Lift Off

Mon, 2011-03-28 16:03

We can banish the primeval fear of being stuck in a lift thanks to the amazing way the Otis Elevator Company’s lifts coped with the Japan earthquake. We will look at investor sentiment in quoted elevator manufactures including United Technologies (NYSE:UTX), Kone (HEL:KNEBV), Yungtay Engineering (TPE:1507), Monte Ascensori (BIT:MSA). Coinciding with the launch of the iPad 2 we also look at companies whose semi-conductor wafer products have been delayed because of the earthquake, to see if investors are nervous about their near-term prospects, namely Shin Etsu Chemical (TYO:4063) and MEMC Electronics (NYSE:WFR).

In an age of opposites (Smartphones are very smart but are not so good at being telephones; and banks have been accused of not lending) it is good to know that virtually no one was stuck in a lift despite the worst earthquake on record.

United Technologies is the proud owner of Otis, which can boast that the inbuilt seismic detector safety system did its job. Bloomberg’s Business Week magazine tells us that, on detection of early tremors, 16,700 lifts automatically took themselves to the ground floor to release their passengers and then took themselves out of action until Otis engineers gave the all-clear. All but 300 were restarted within days. It is no surprise to see short interest at an annual low in United Technologies. Yet, ownership of institutional funds who lend remains below where it was pre-credit crisis, at 22% of total shares. It should be pointed out that Otis is only one of the company’s businesses.
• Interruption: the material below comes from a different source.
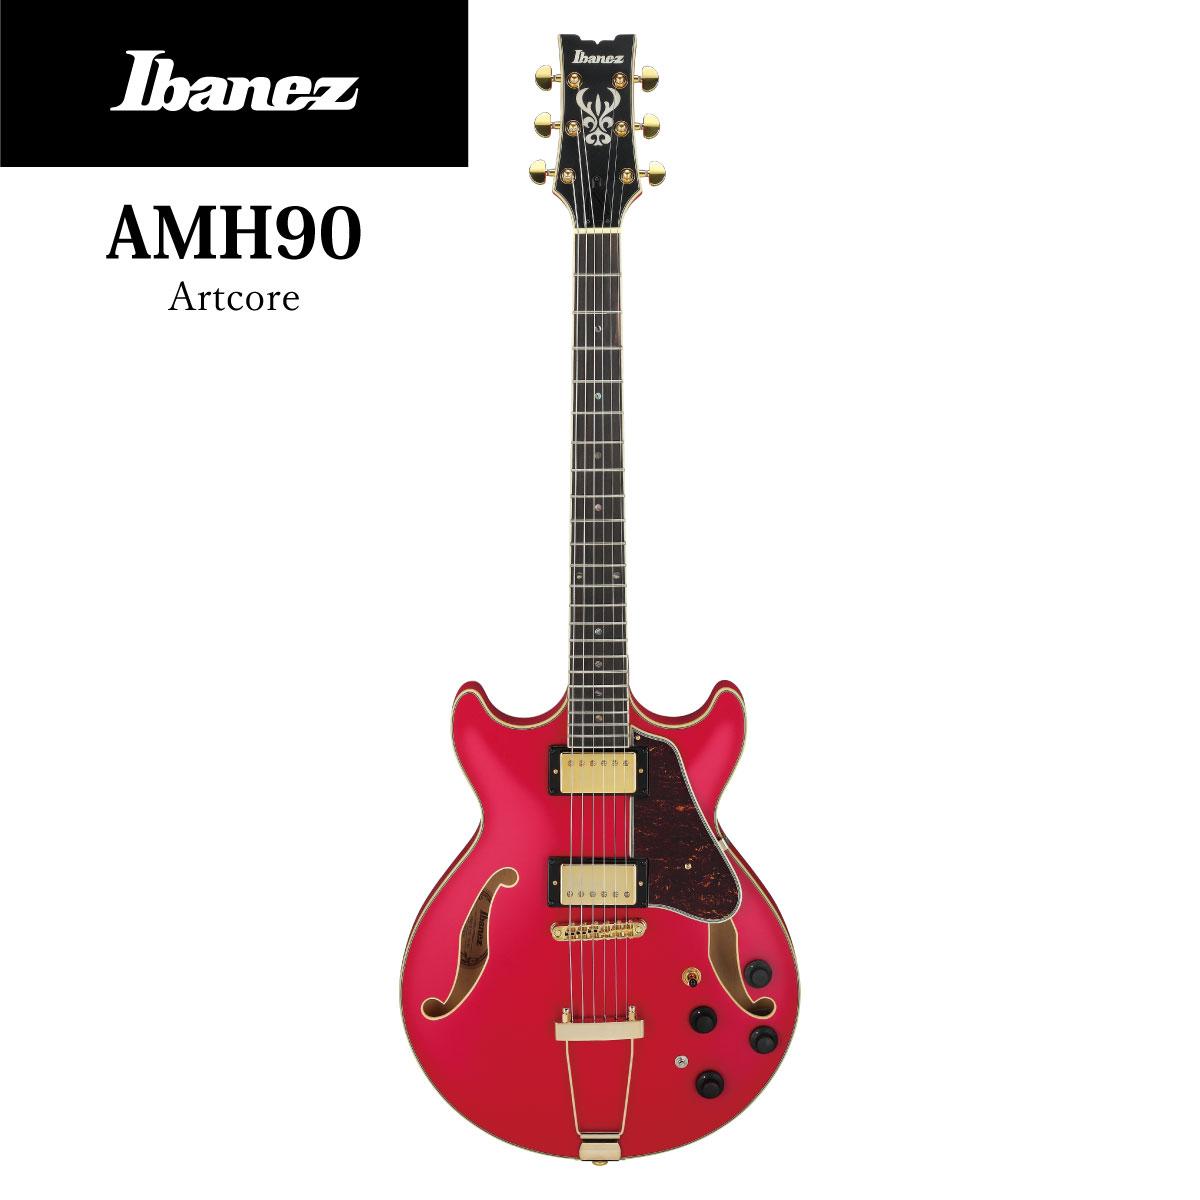 ギター, エレキギター Ibanez AMH90 -CRF(Cherry Red Flat)- Pink,,,Electric Guitar,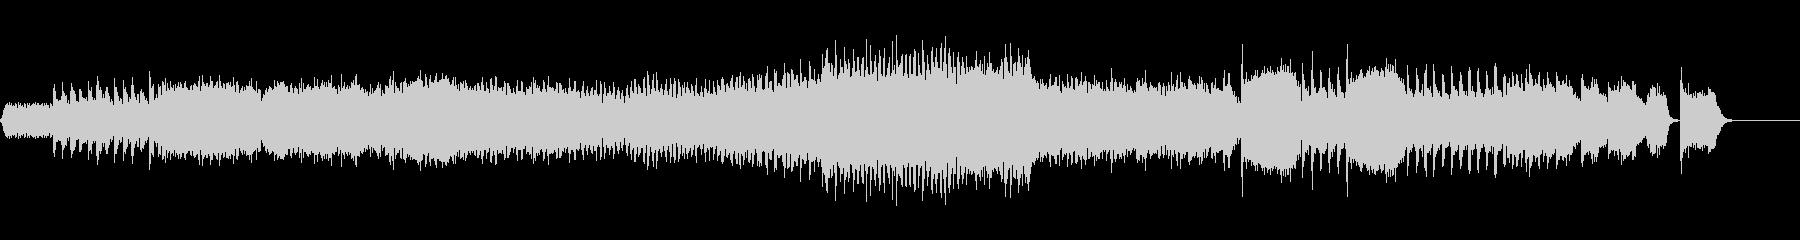 セントポール組曲 第二楽章オスティナートの未再生の波形

The company dominating the European lift scene is Finland’s Kone. Its shares have increased by 300% since December 2008 and we see very low short interest. The increasingly generous dividends have led to greater dividend enhancement trading. Just recently, Kone announced a share buy-back.

Taiwan’s Yungtay Engineering is another major player in managing the “flow of people.” Ownership from international funds who lend quadrupled in the past two years and demand to borrow is very low.

Italy’s local lift specialist is Monti Ascensori and it is too small to feature heavily when it comes to monitoring investor sentiment via securities lending information. That said, the shares are sliding downwards and it was once heavily borrowed in mid 2008.

It is somewhat unfair to single out two companies given the vast number of firms affected in some way by the earthquake but, IHS iSuppli (which tracks all aspects of the consumer electronics manufacturing process) has singled out Shin Etsu Chemical and MEMC Electronics. They note that “the Japanese earthquake has resulted in the suspension of one-quarter of the global production of silicon wafers used to make semiconductors.” Shin Etsu saw a build in the demand to borrow ahead of the disaster. This continued to rise, although short interest remains below 2% of total shares outstanding on loan. Funds who lend this company remain bullish, however, owning 17% of total shares, which is a 12 month high. The situation is similar for US listed MEMC Electronics with marginally rising short interest at 4% of total shares, but strongly rising institutional ownership to 33% of the company.